Return all of the data verbatim, dropping any picture.

### DATA SHOWN
== Segment start ==
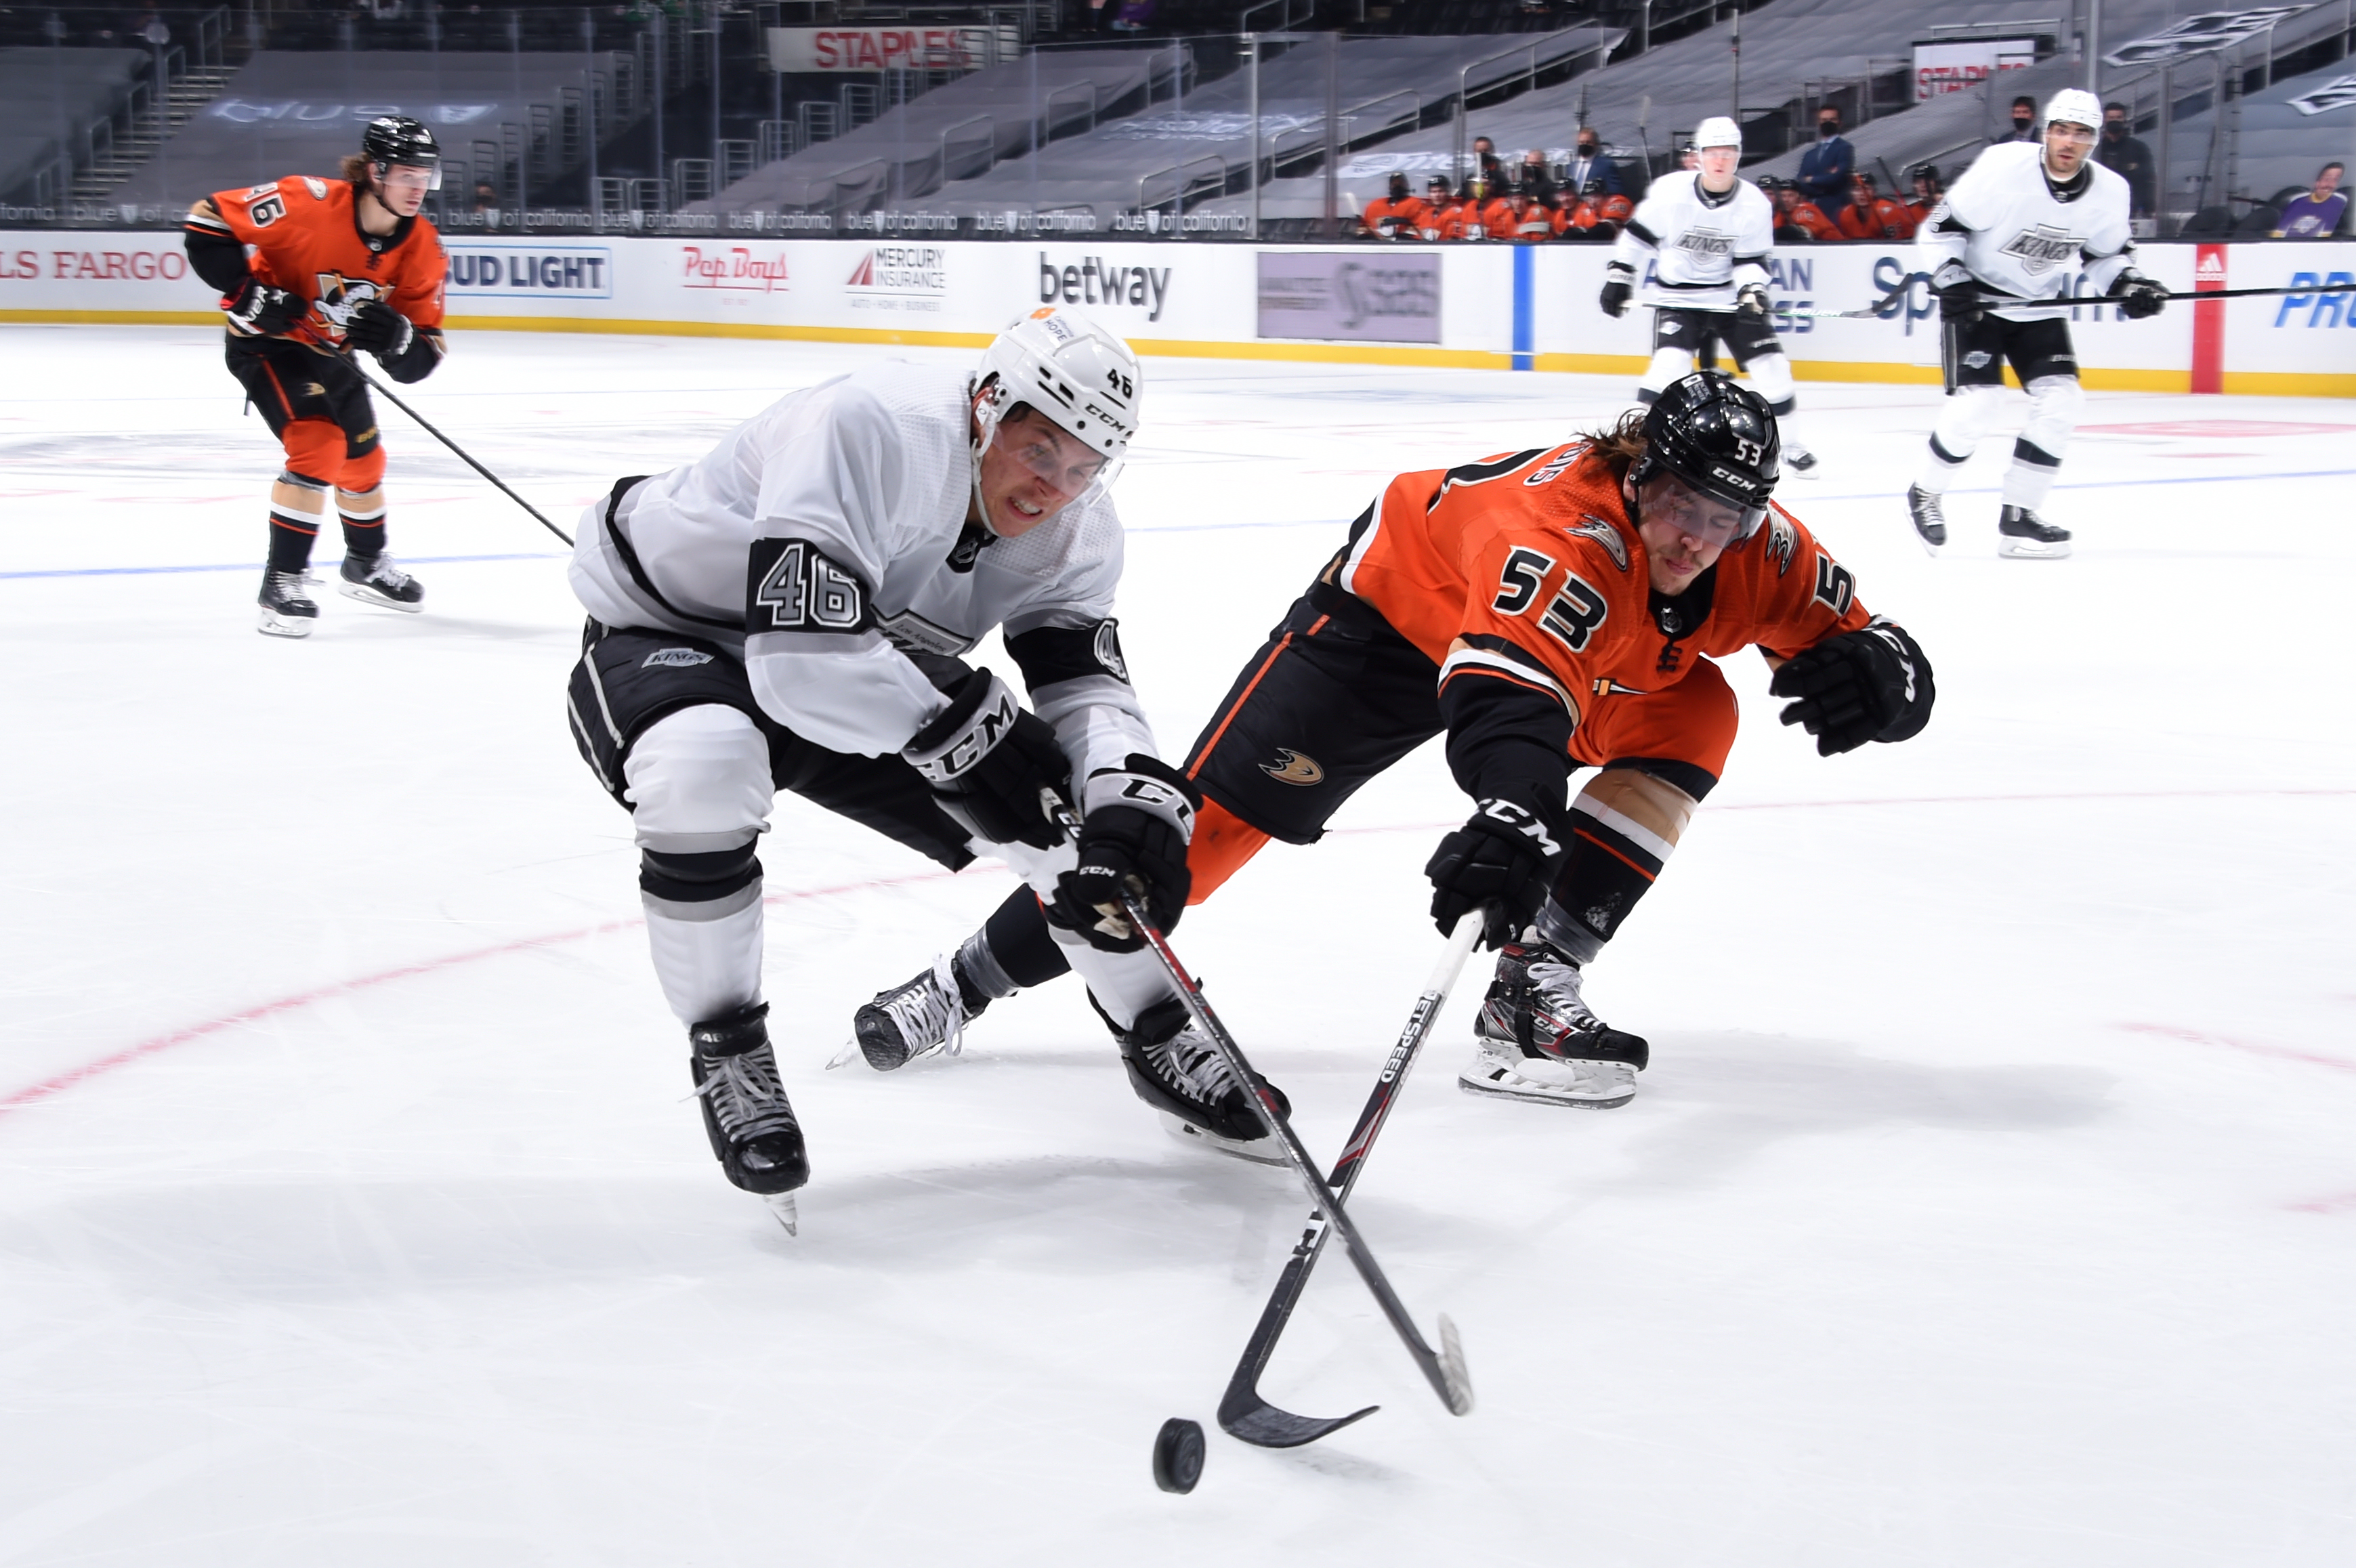 #46 of the Los Angeles Kings and Max Comtois #53 of the Anaheim Ducks battle for the puck during the second period at STAPLES Center on April 28, 2021 in Los Angeles, California.
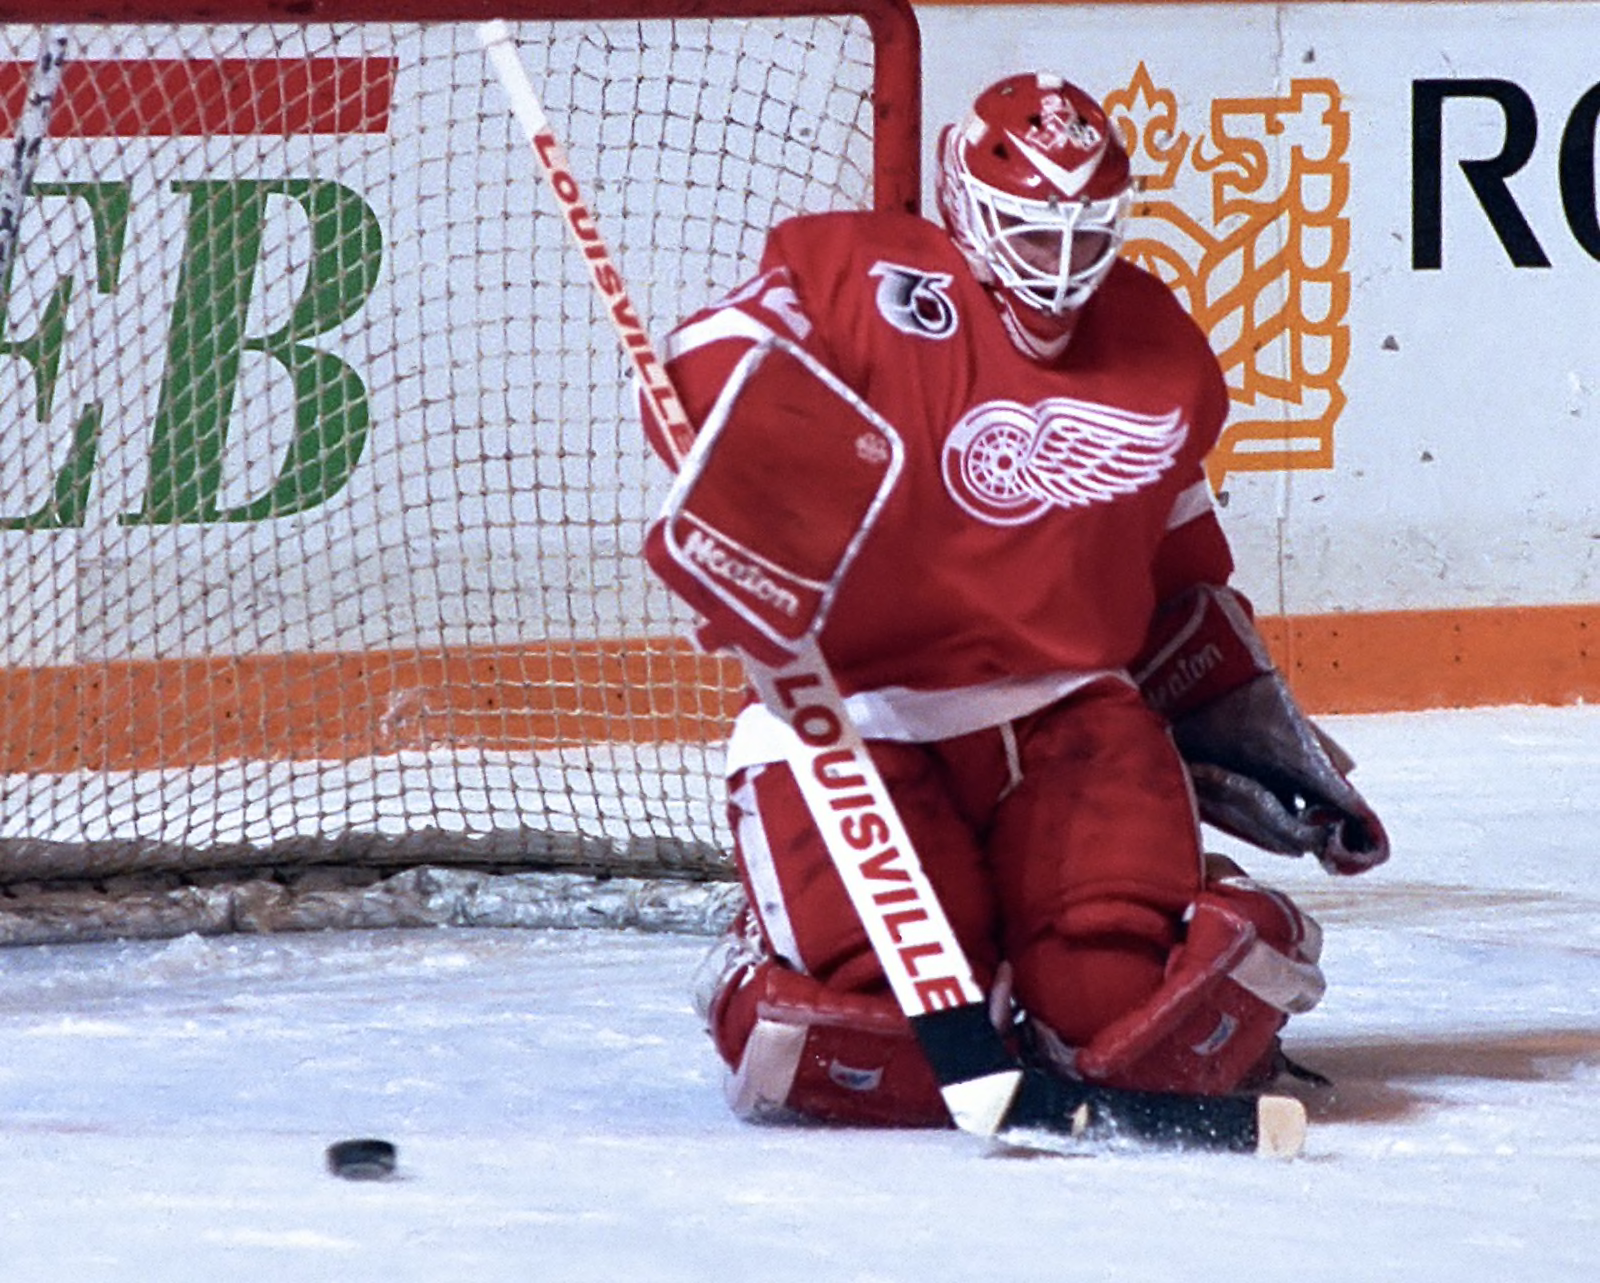 1991 Detroit Red Wings Tim Cheveldae - Historic Images
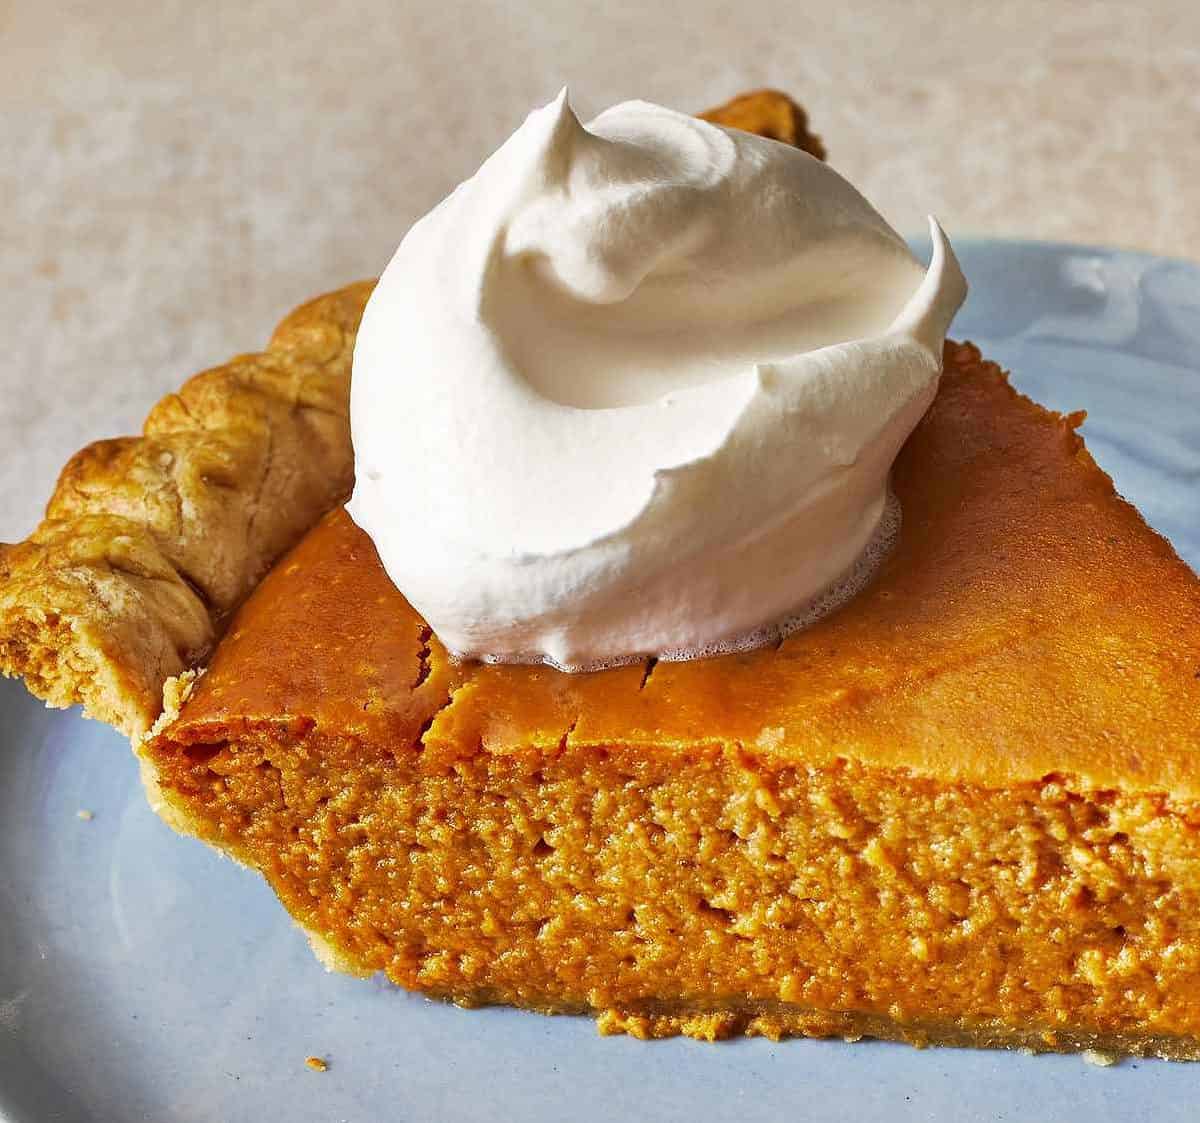  Spice up your life with this pumpkin pie
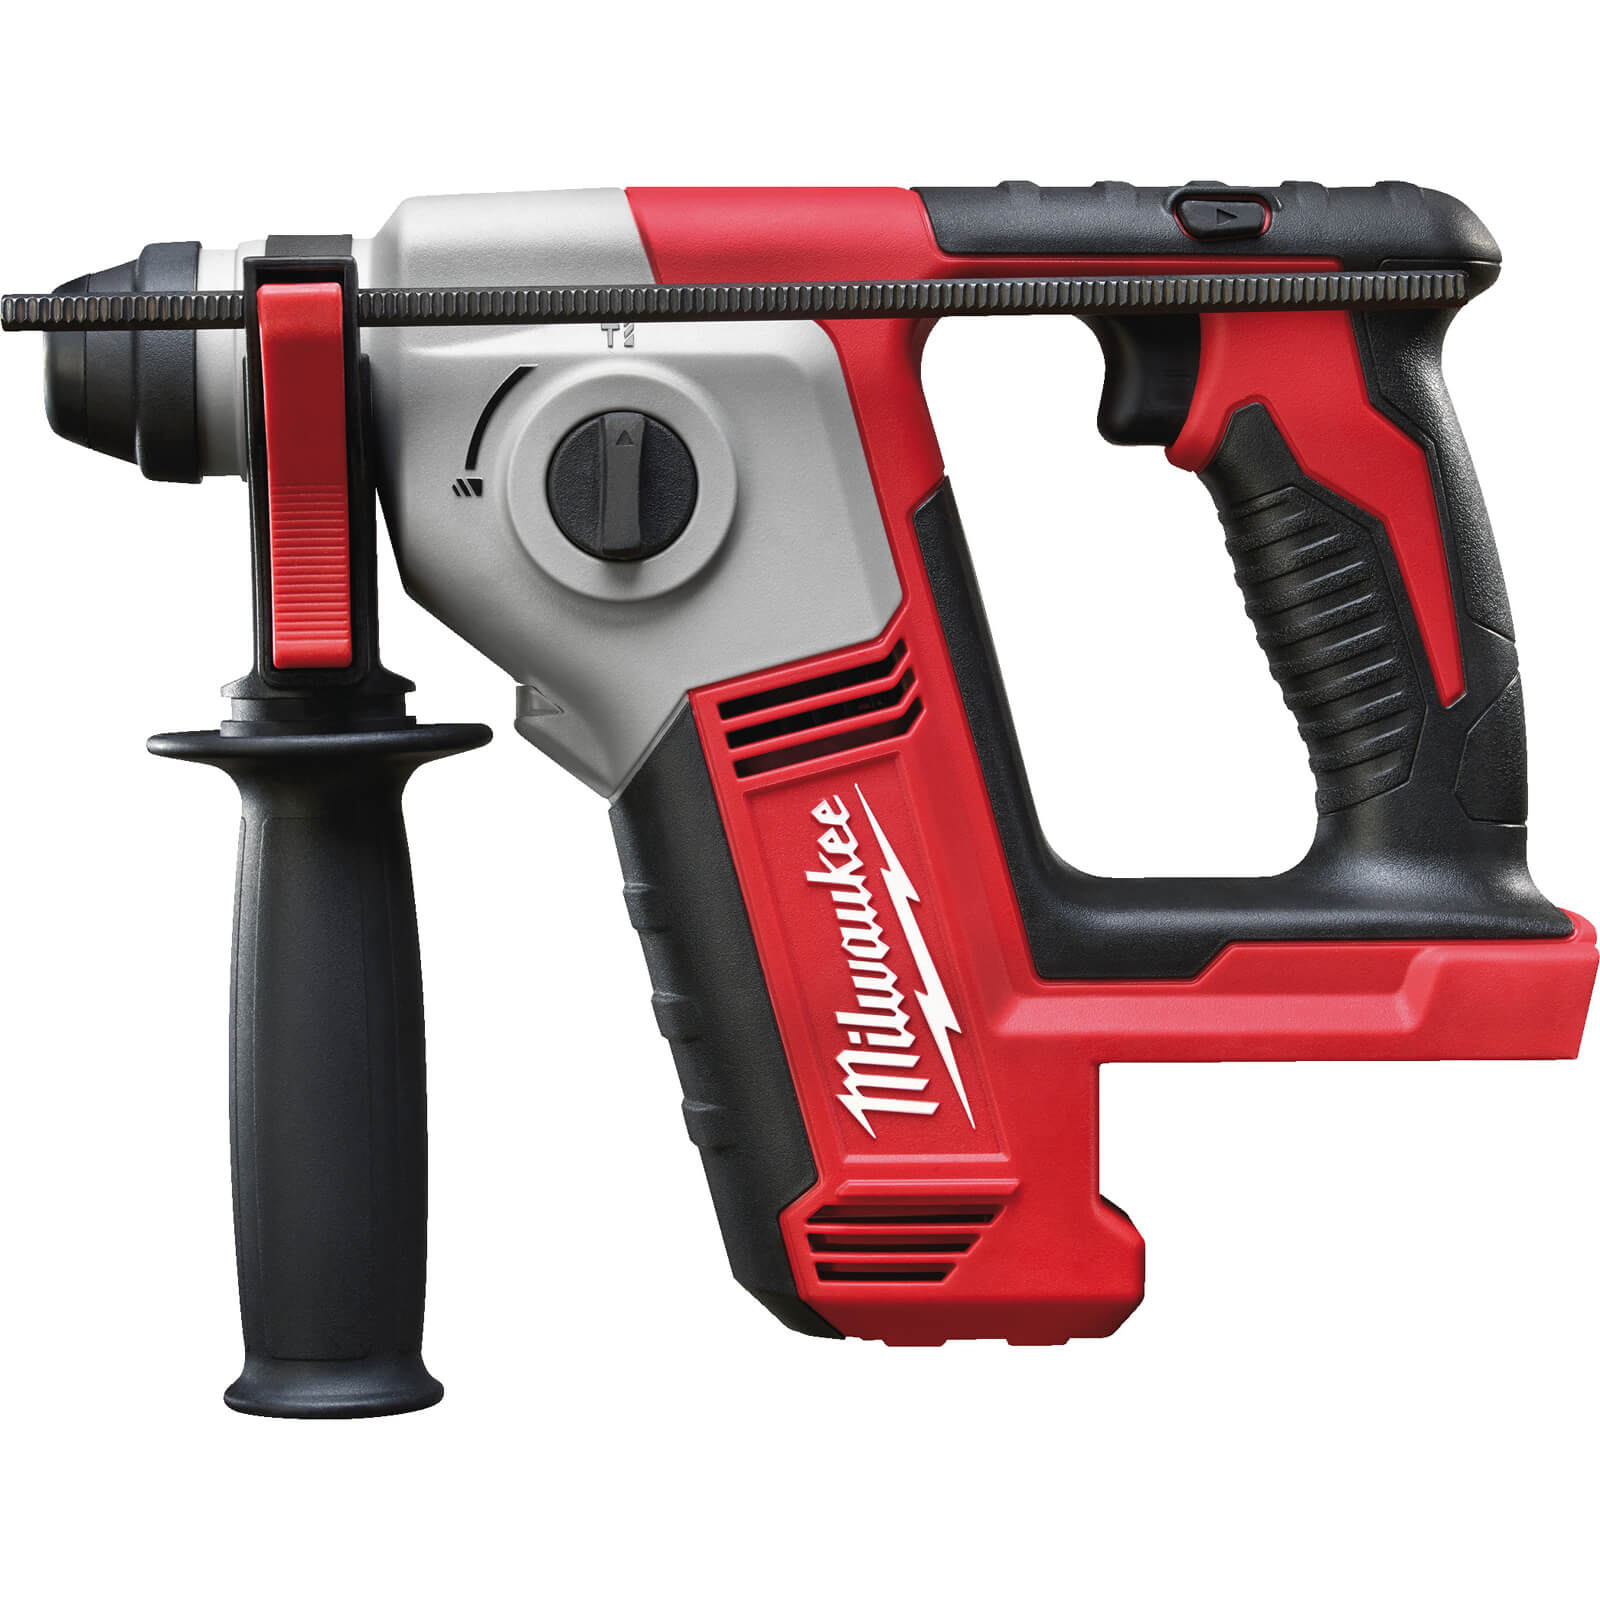 Image of Milwaukee M18 BH 18v Cordless Compact SDS Plus Hammer Drill No Batteries No Charger No Case
== Segment end ==
### OUTPUT FOR THIS EXERCISE
 #46 of the Los Angeles Kings and Max Comtois #53 of the Anaheim Ducks battle for the puck during the second period at STAPLES Center on April 28, 2021 in Los Angeles, California.
 1991 Detroit Red Wings Tim Cheveldae - Historic Images
  Spice up your life with this pumpkin pie
 Image of Milwaukee M18 BH 18v Cordless Compact SDS Plus Hammer Drill No Batteries No Charger No Case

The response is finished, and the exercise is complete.